For teams building custom software development solutions or pursuing platform engineering, this protocol is the foundation of production-grade agentic systems.

Authentication and Security in Sampling

Here’s where MCP sampling shines for compliance-focused teams. Because your server initiates the sampling request, you control the entire auth pipeline.

Identity and Access Control

When your server sends a sampling request, it includes:

Server identity: The client knows which server made the request (via TLS mutual auth or API keys).
User context: Your server can include the user ID, role, and permissions in the system prompt or message context.
Data scope: You only pass Claude the data that user is allowed to see.

Example:

{
  "method": "sampling/createMessage",
  "params": {
    "system": "You are assisting User ID: u_12345 with role: analyst. You can only reference data from their assigned portfolio.",
    "messages": [
      {
        "role": "user",
        "content": "Summarise the Q4 performance of my portfolio.",
        "metadata": {
          "user_id": "u_12345",
          "role": "analyst",
          "portfolio_ids": ["p_001", "p_002"]
        }
      }
    ]
  }
}

Claude never sees user IDs outside that portfolio. Your server enforces the boundary.

Audit Logging

Because your server owns the orchestration, you log every sampling request and response:

{
  "timestamp": "2025-01-15T14:32:00Z",
  "user_id": "u_12345",
  "sampling_request": {
    "model": "claude-3-5-sonnet-20241022",
    "tool_calls_requested": ["query_portfolio"],
    "tokens_input": 1240
  },
  "sampling_response": {
    "tokens_output": 85,
    "tools_called": ["query_portfolio"],
    "duration_ms": 1850,
    "decision": "approved"
  },
  "server_action": "executed_recommendation",
  "audit_trail_id": "audit_789xyz"
}

This audit trail is exactly what SOC 2 Type II auditors and ISO 27001 compliance reviewers want to see. You’re proving that AI-assisted decisions are logged, traceable, and subject to access controls.
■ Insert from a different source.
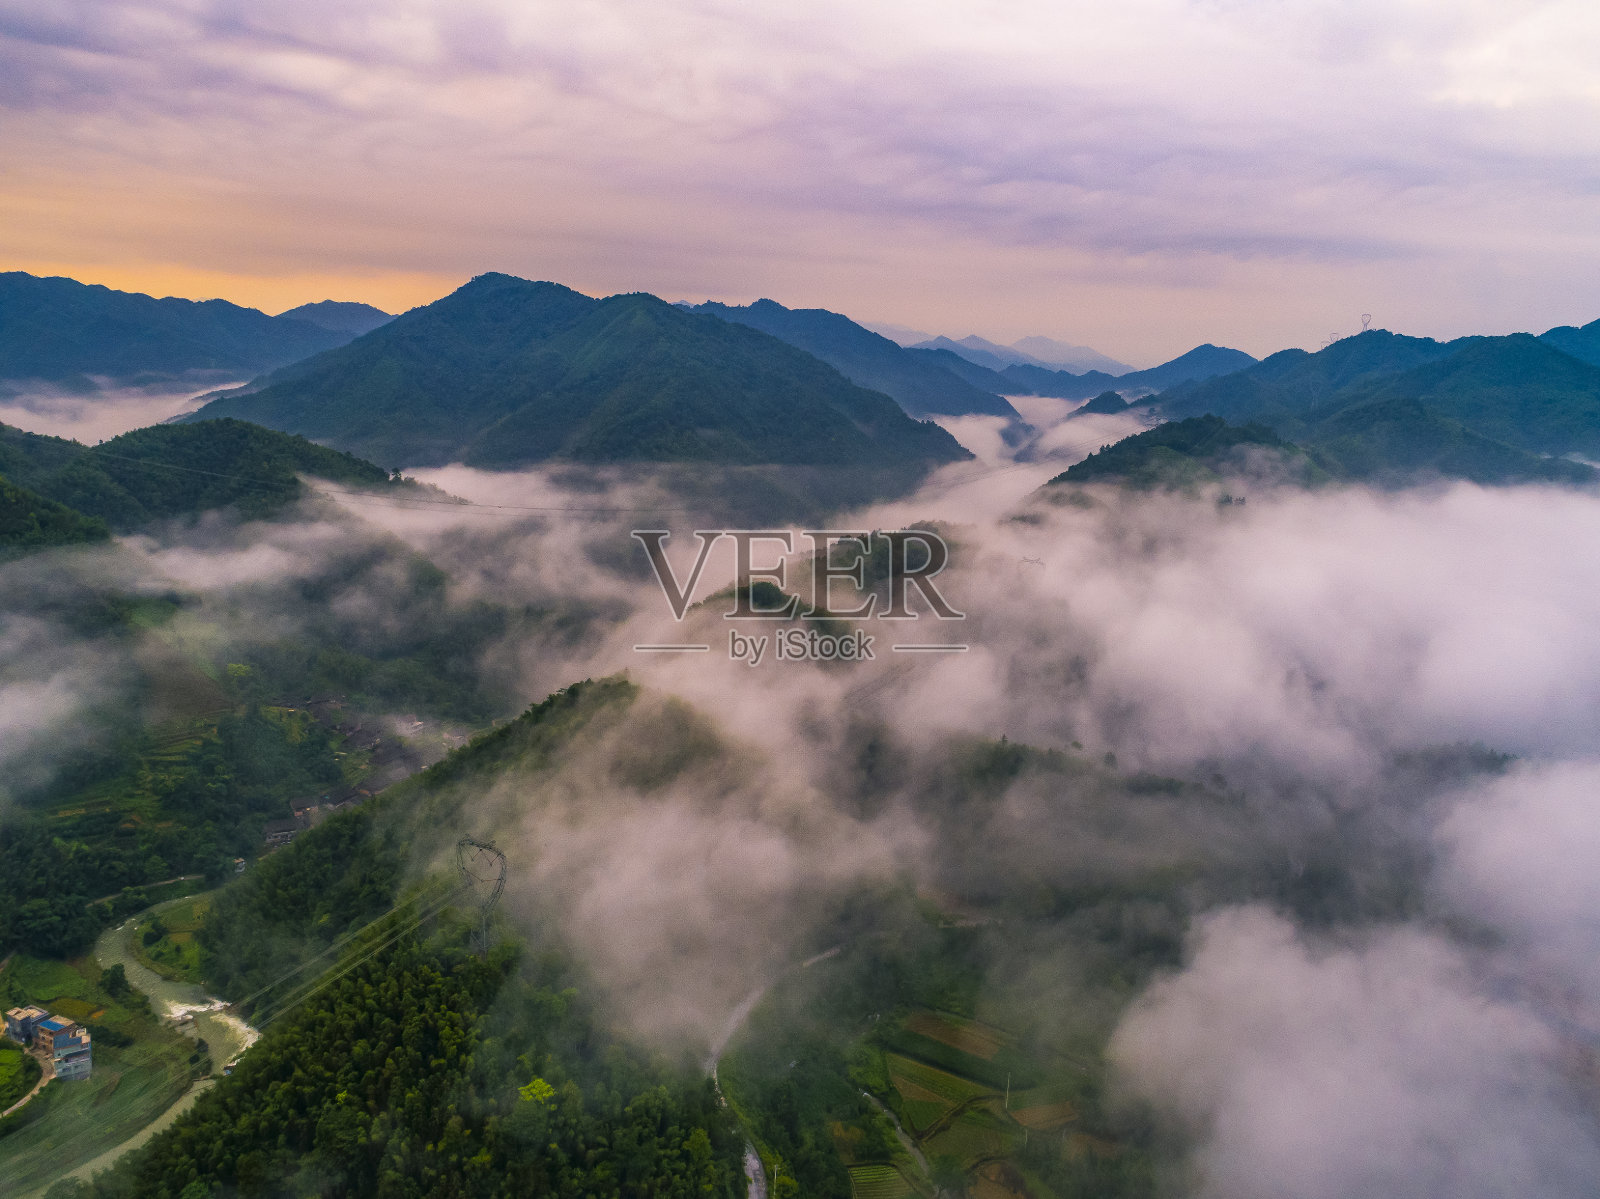 中国桂林龙胜的龙脊梯田照片摄影图片

For teams pursuing compliance via Vanta implementation, MCP sampling audit logs integrate seamlessly into your evidence collection workflow. You’re not asking “did Claude do something secure?”—you’re proving “did our server enforce access controls before Claude saw anything?”

Secrets and Data Residency

Because your server is the intermediary, you can:

Mask sensitive data: Replace real customer names with anonymised IDs before Claude sees them.
Enforce data residency: If your compliance requirement is that data never leaves Australia, your server can route sampling requests to a local Claude deployment (via an on-premise MCP server) instead of the cloud API.
Rate-limit per user: Your server can track sampling requests per user and enforce quotas before Claude is invoked.
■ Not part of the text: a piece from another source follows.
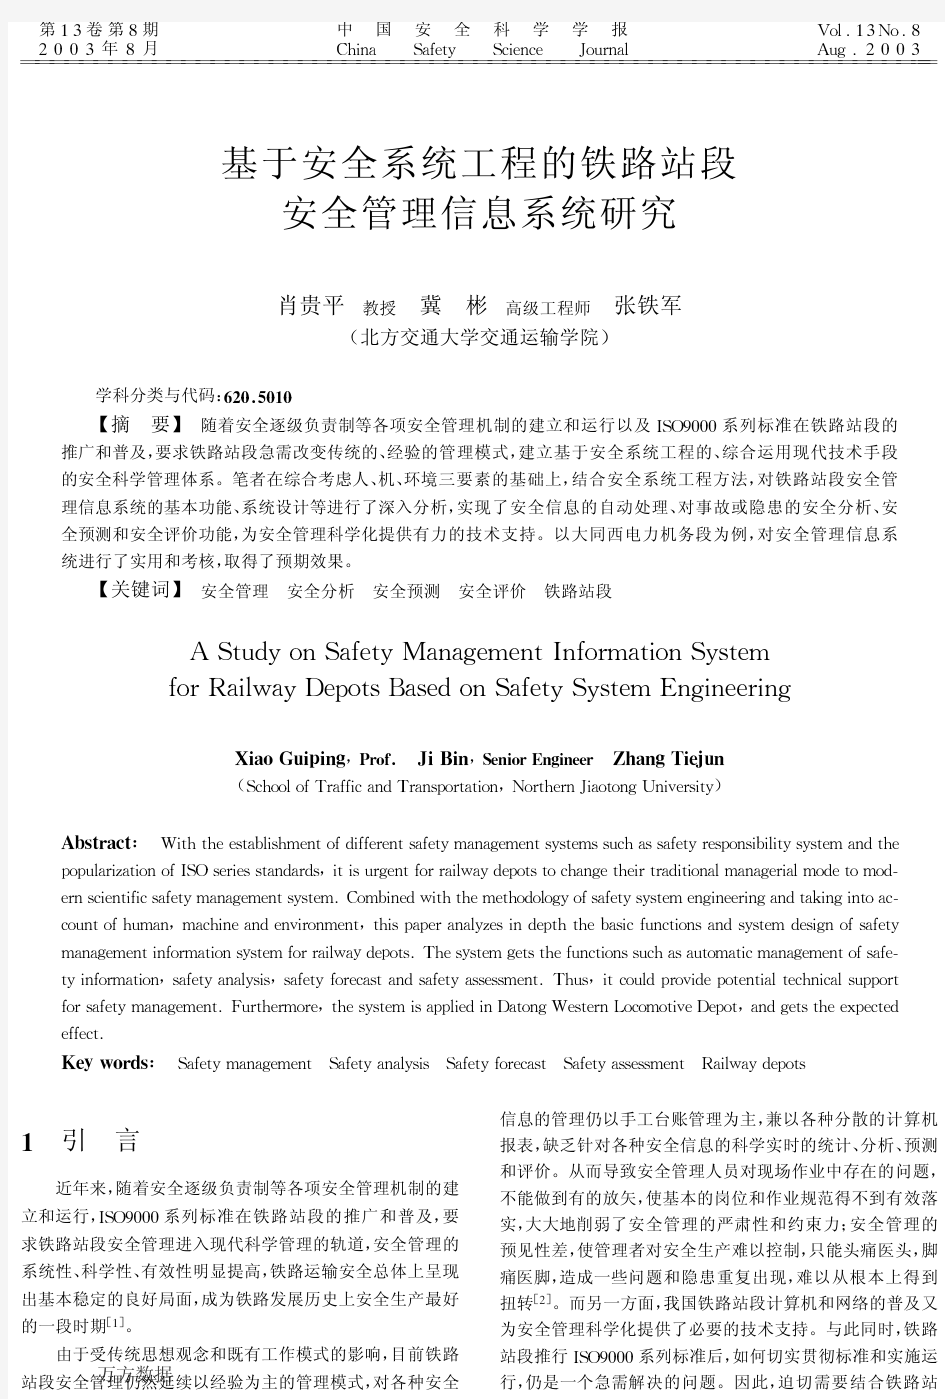 基于安全系统工程的铁路站段安全管理信息系统研究

Latency Costs and Performance Trade-offs

MCP sampling adds latency. Let’s be concrete about it.

The Latency Stack

When your server requests a sampling call, you pay:

Network round-trip to client: 50–200ms (depending on whether it’s local or remote).
Client-to-Claude API latency: 300–2000ms (depending on model, prompt length, and Claude’s load).
Tool execution latency (if Claude calls tools): 100–5000ms per tool (depends on your tool implementations).
Response serialisation and return: 50–200ms.

Total: 500–7200ms per sampling call. If your workflow makes 5 sampling calls, you’re looking at 2.5–36 seconds of pure LLM latency.

Compare that to a single monolithic LLM call (where Claude orchestrates all tool calls internally): 1000–3000ms total.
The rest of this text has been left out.